I have been working on a problem in queuing theory, and in order to understand the steady state behaviour, I have obtained a PDE. The equation is
$(\mu + 2\lambda)f(x, y) + \displaystyle\frac{\partial f}{\partial x} + \displaystyle\frac{\partial f}{\partial y} = \lambda \bigg(f(x, w_{c}) + f(w_{c}, y)\bigg) + \mu\lambda^{2}\int_{x}^{w_{c}}\int_{y}^{w_{c}}f(u, v)dv du$
Here, $\mu$, $\lambda$ and $w_{c}$ are all positive constants, and $0\leq x$, $y\leq w_{c}$.
$f(x, y) = 0$ $x > w_{c}$ or $y > w_{c}$. Also, only solutions where $f(x, y) \geq 0$ make sense.
I have attempted a power series expansion of $f(x, y)$ to see if I can obtain the coefficients of the series, but I just get stuck with a double-indexed linear recurrence.
Using a 2-D Laplace transform has also not made it any simpler.

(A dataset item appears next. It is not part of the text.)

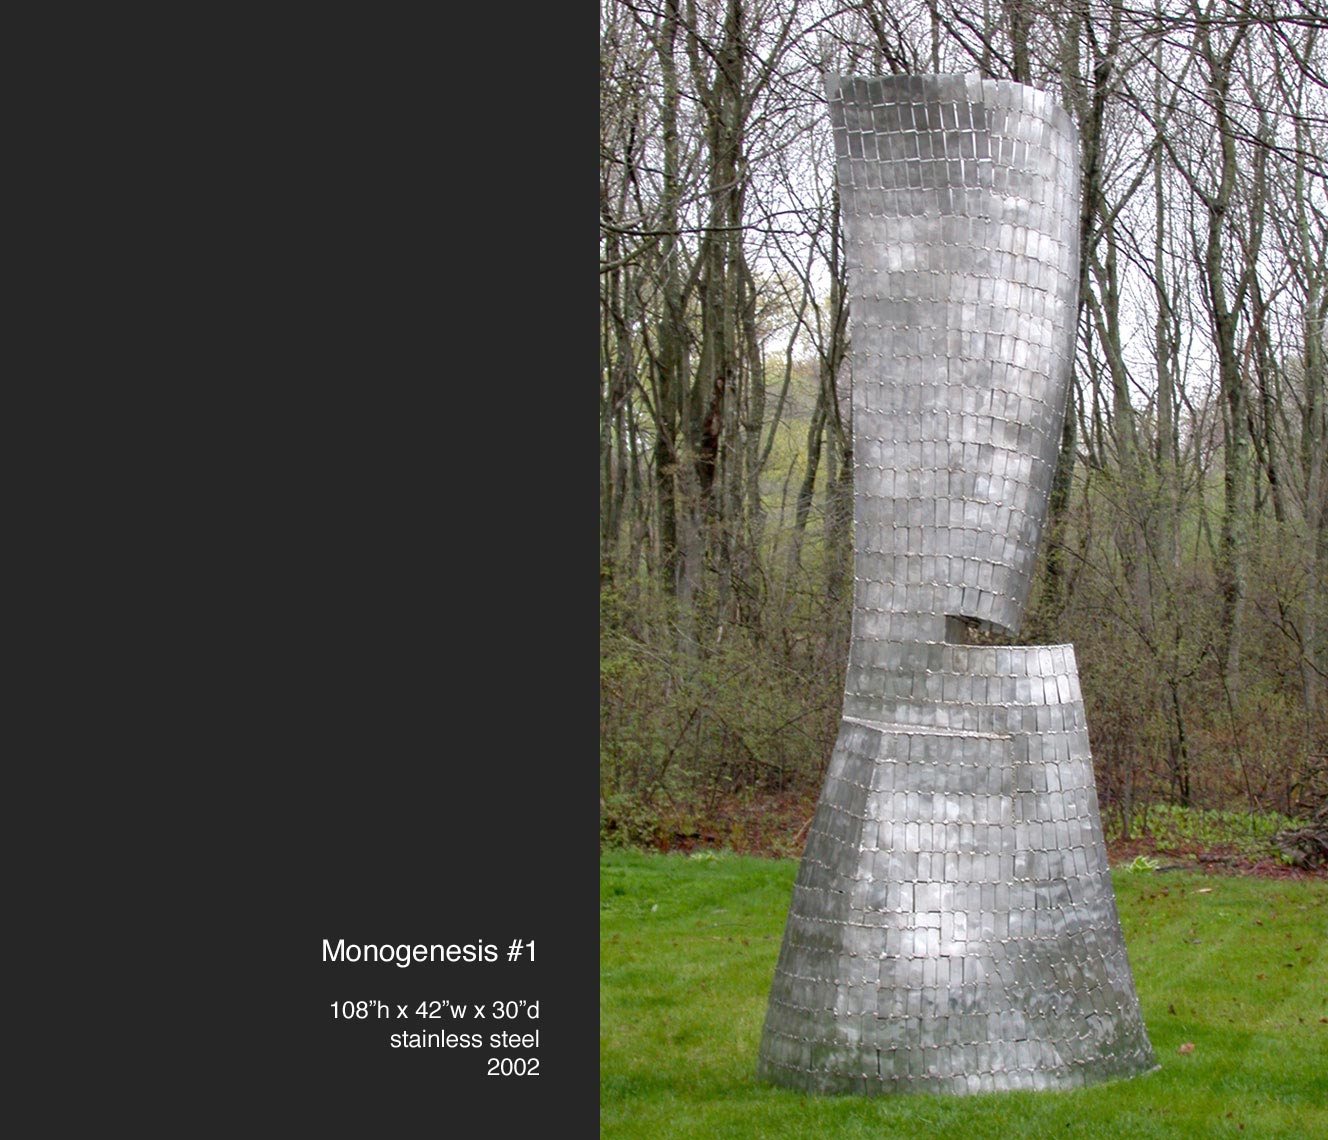 Monogenesis I: An Iconic Residential Installation by Peter Diepenbrock
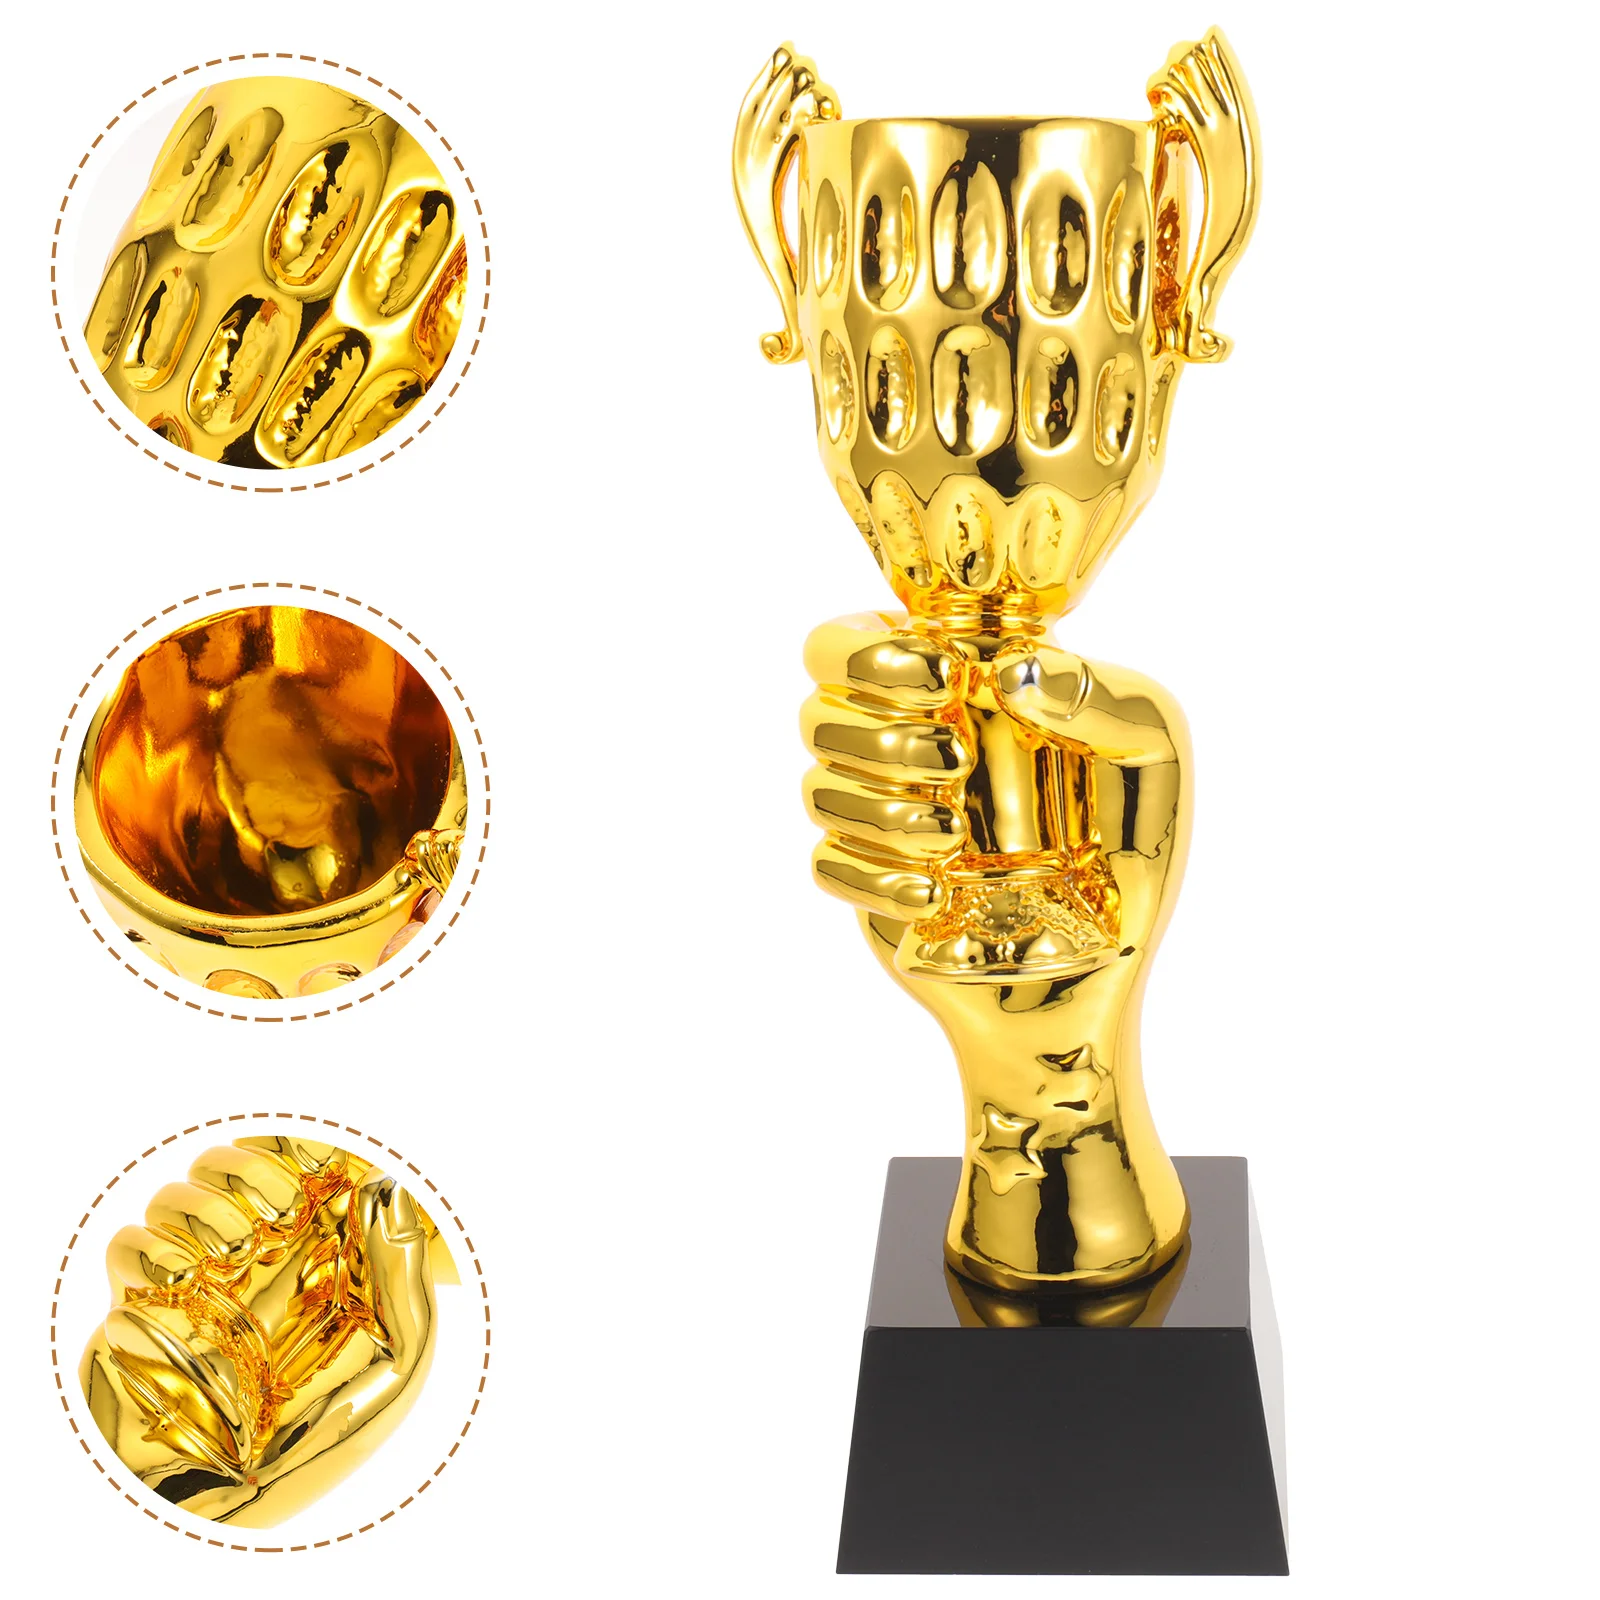 

Trophies Trophy Kids Award Prize Winning Prizes Events Rewards Cup Party Classroom Winner Awards Props School Gold Favors Toy

Any advice would be greatly appreciated! If you have come across a problem like this, please let me know.
EDIT
In case anyone can solve this, or suggest an approach:
The recurrence relation that I obtained from the PDE was as follows -
$$(\mu + 2\lambda)c(i+1, j+1) + c(i+2, j+1) + c(i+1, j+2) = \mu\lambda^{2}c(i, j) \hspace{4mm} \forall i, j \geq 0$$
Also,
$$(\mu + \lambda)c(i, 0) + c(i+1, 0) + c(i, 1) = 0 \hspace{4mm} \forall i\geq 1$$
and $$\mu c(0, 0) + c(1, 0) + c(0, 1) = 0$$
$c(i, j)$ is symmetric in $i$ and $j$.
I have tried out a geometric solution to the recurrence, but it does not seem to work. A 2D Z-Transform gives 2 polynomial equations in 2 variables, and leads nowhere.
I have run out of options to try, and cannot resort to numerical solutions. Please advise!